Control of I-V hysteresis in CH3NH3PbI3 perovskite solar cell.

Mismatch of current (I)-voltage (V) curves with respect to the scan direction, so-called I-V hysteresis, raises critical issue in MAPbI3 (MA = CH3NH3) perovskite solar cell. Although ferroelectric and ion migration have been proposed as a basis for the hysteresis, origin of hysteresis has not been apparently unraveled. We report here on the origin of I-V hysteresis of perovskite solar cell that was systematically evaluated by the interface-dependent electrode polarizations. Frequency (f)-dependent capacitance (C) revealed that the normal planar structure with the TiO2/MAPbI3/spiro-MeOTAD configuration showed most significant I-V hysteresis along with highest capacitance (10(-2) F/cm(2)) among the studied cell configurations. Substantial reduction in capacitance to 10(-3) F/cm(2) was observed upon replacing TiO2 with PCBM, indicative of the TiO2 layer being mainly responsible for the hysteresis.

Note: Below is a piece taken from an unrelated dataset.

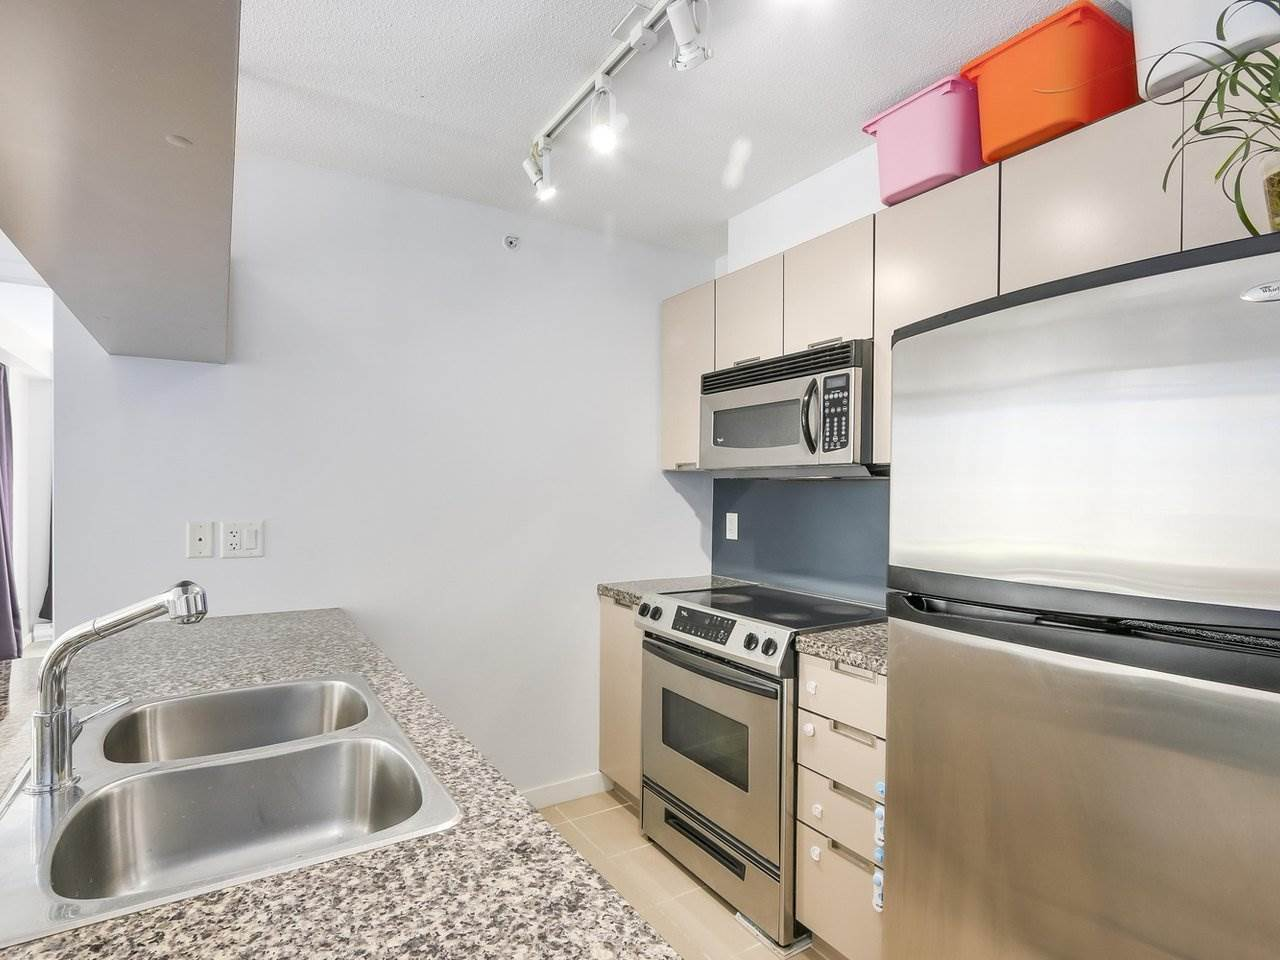 Condo Apartment at 808 1082 SEYMOUR STREET, Unit 808, Vancouver West, British Columbia. Image 3

The capacitance was intensively reduced to 10(-5) F/cm(2) and C-f feature shifted to higher frequency for the hysteresis-free planar structures with combination of PEDOT: PSS, NiO, and PCBM, which underlines the spiro-MeOTAD in part contributes to the hysteresis. This work is expected to provide a key to the solution of the problem on I-V hysteresis in perovskite solar cell.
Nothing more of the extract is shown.